Work required:
Locate the line that contains "Unicorn Bag For Girls" in the data that follows. Copy it and every subsequent line to the end, exactly, excluding pictures.

Input data:
= Beginning of Section =

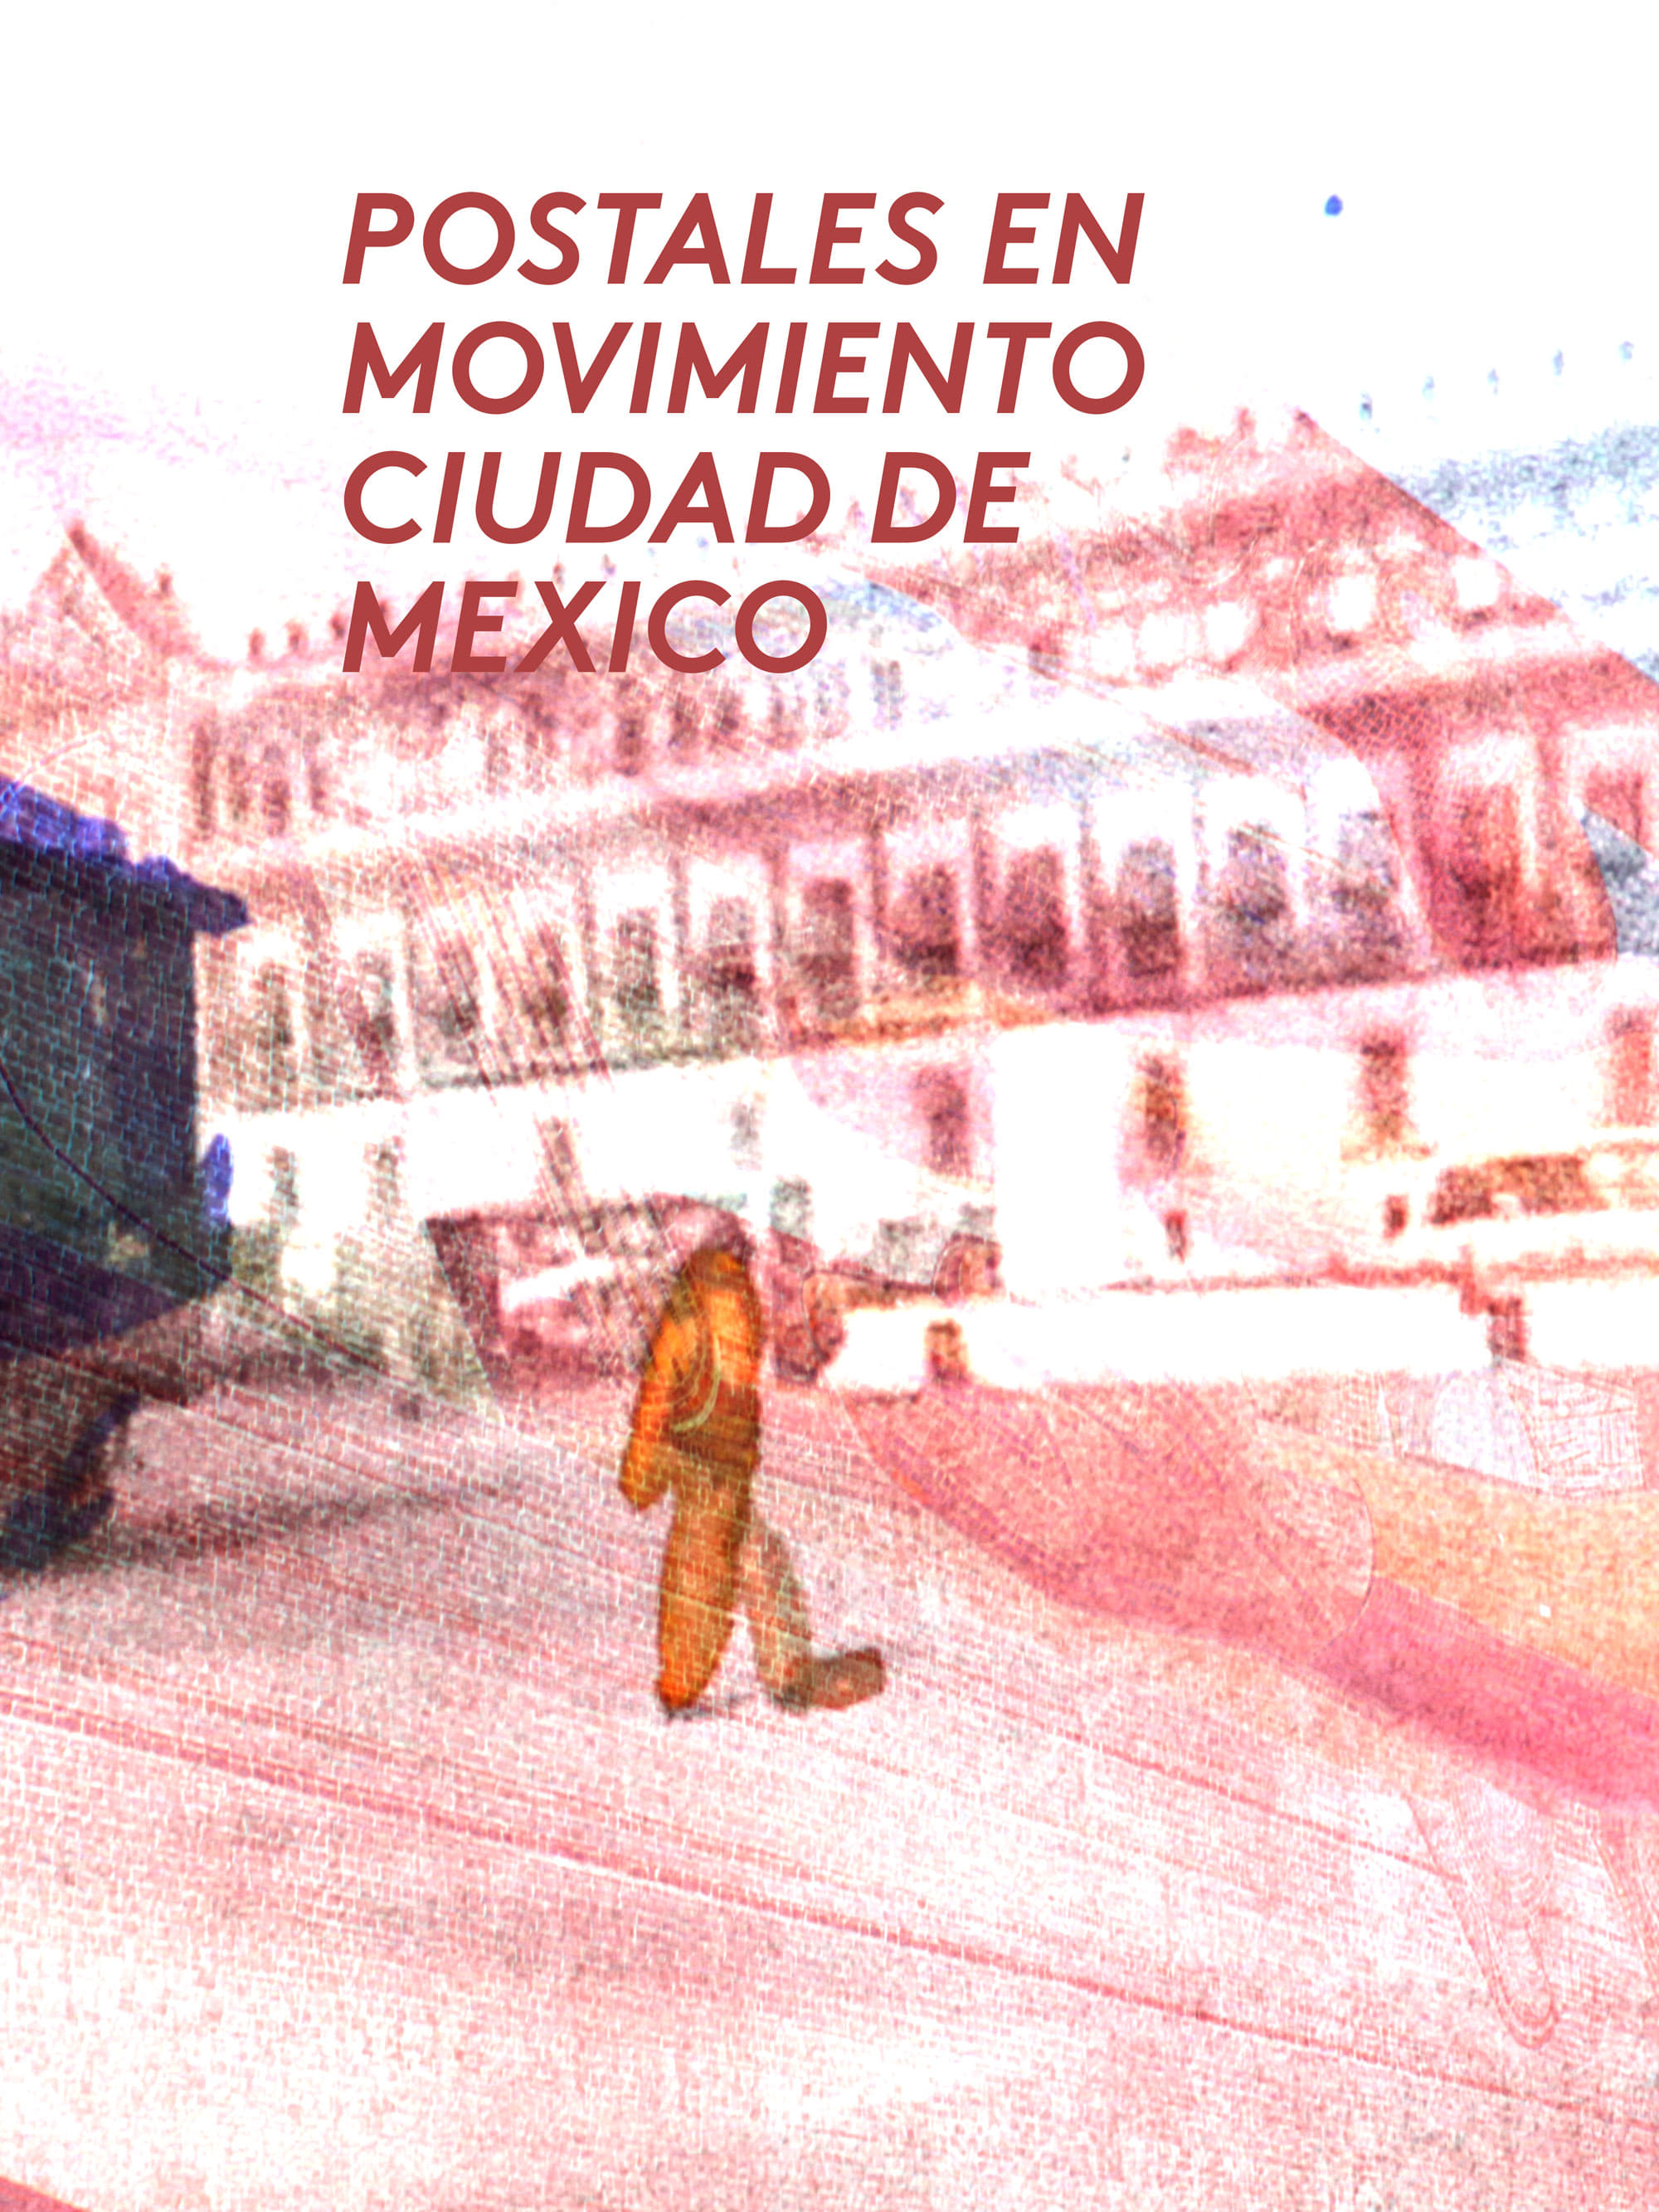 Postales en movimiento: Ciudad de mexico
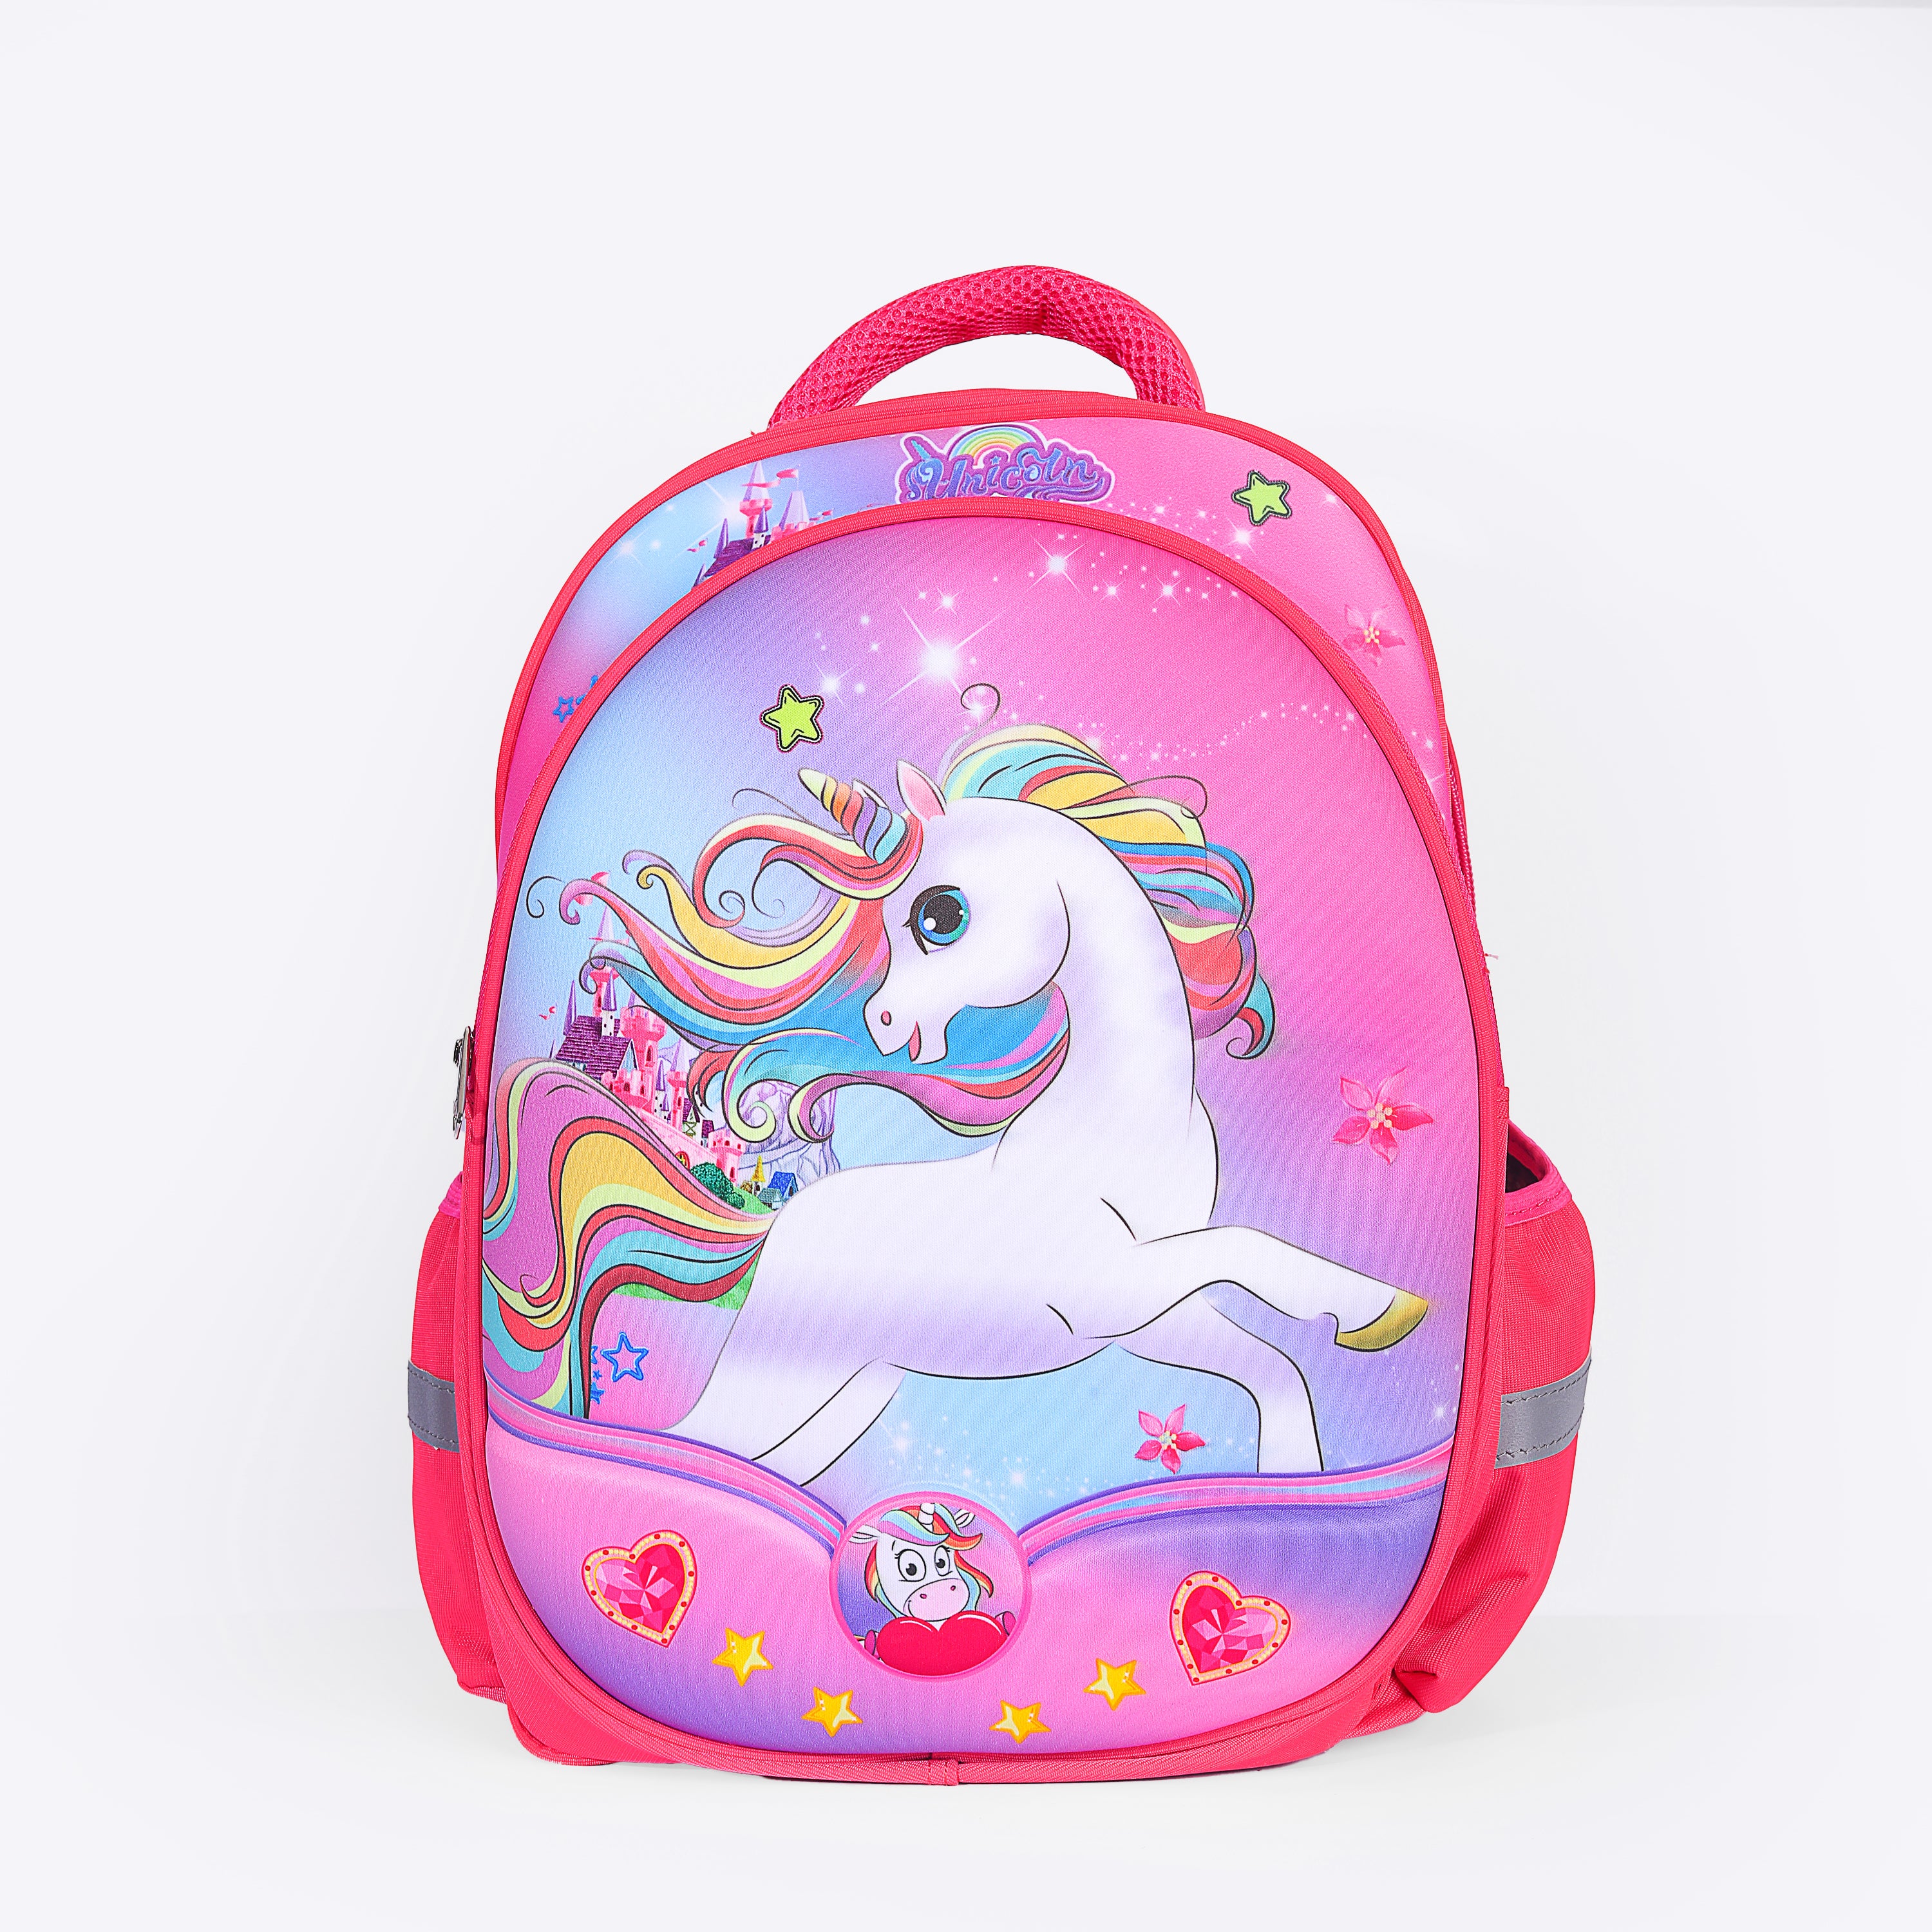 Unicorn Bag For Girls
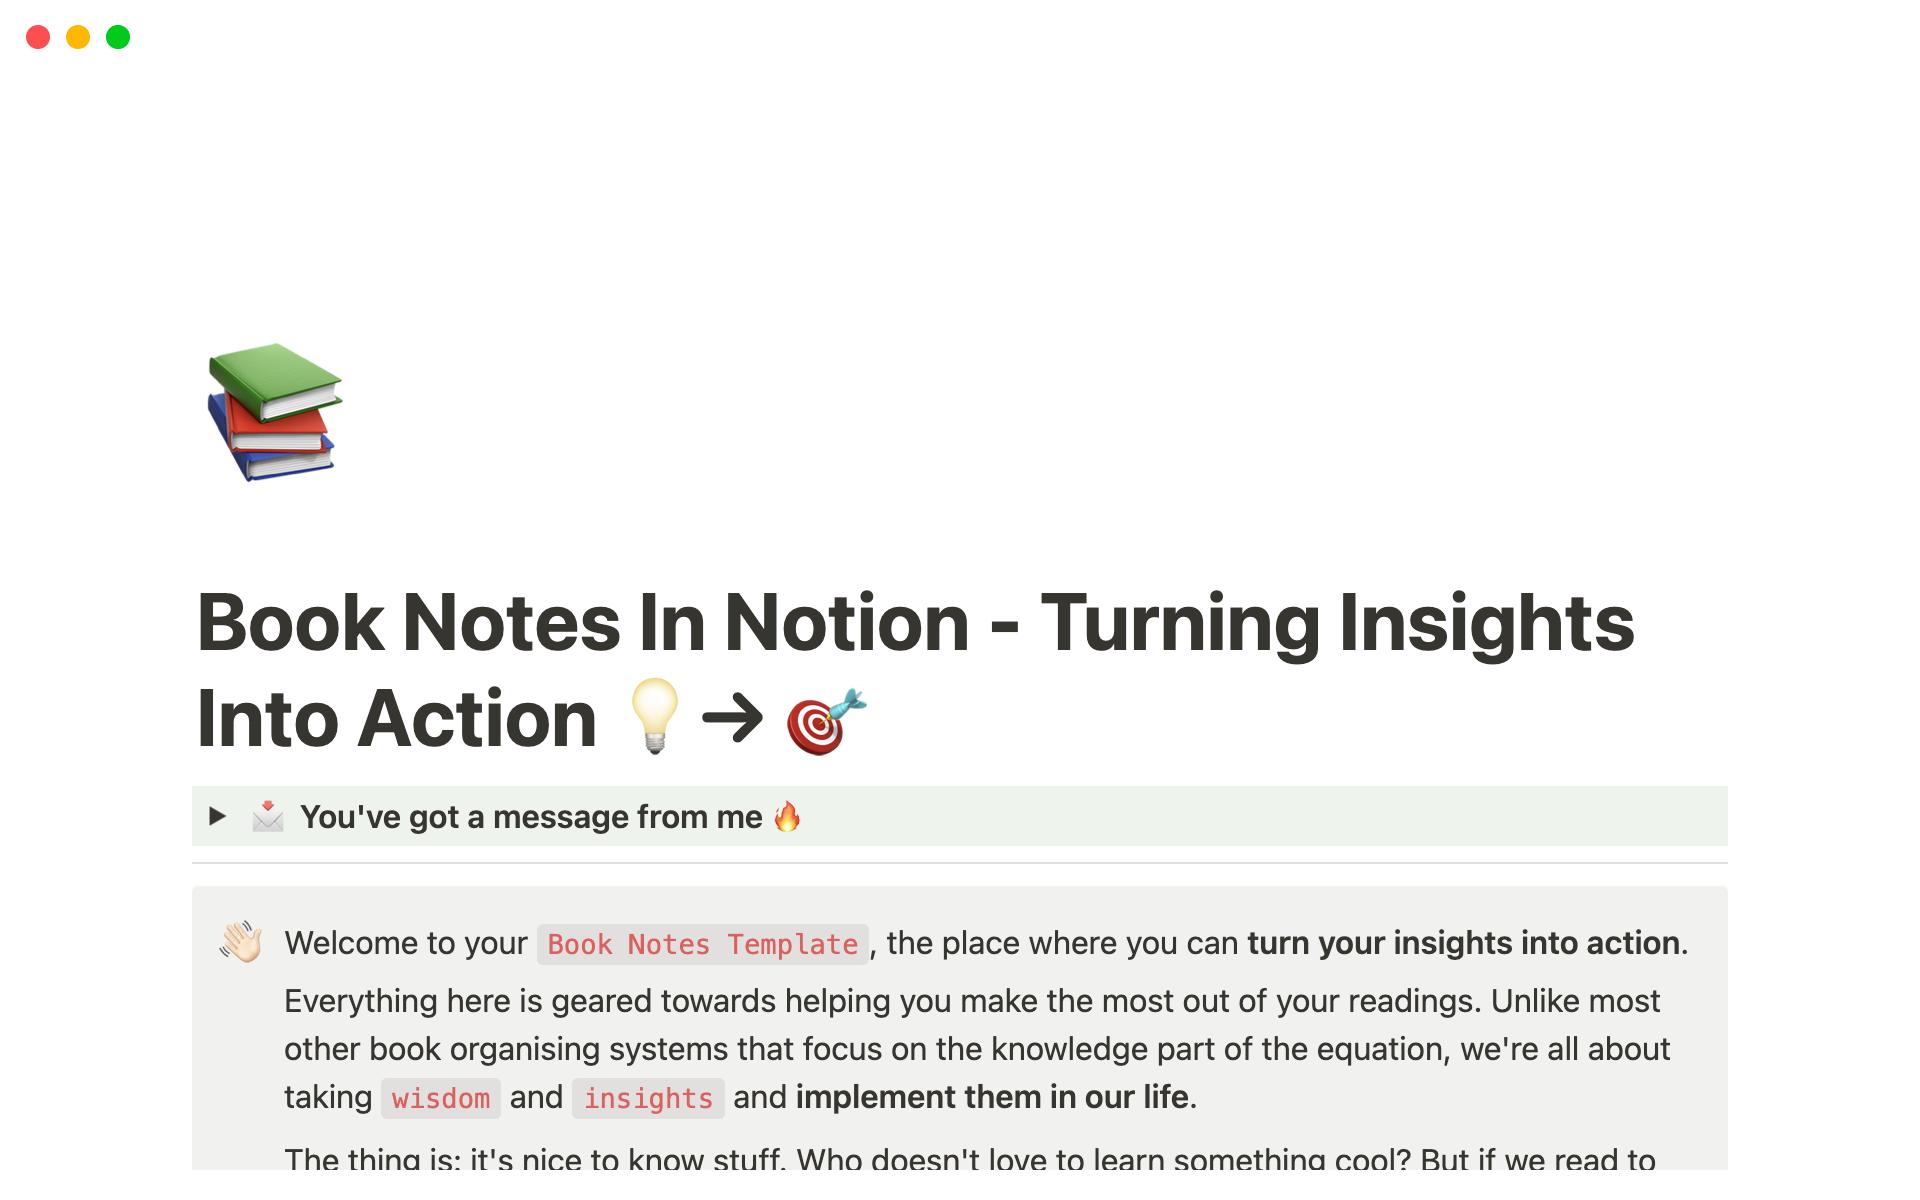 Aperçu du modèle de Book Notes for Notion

= End of Section =

Answer to this exercise:
 Unicorn Bag For Girls
 Aperçu du modèle de Book Notes for Notion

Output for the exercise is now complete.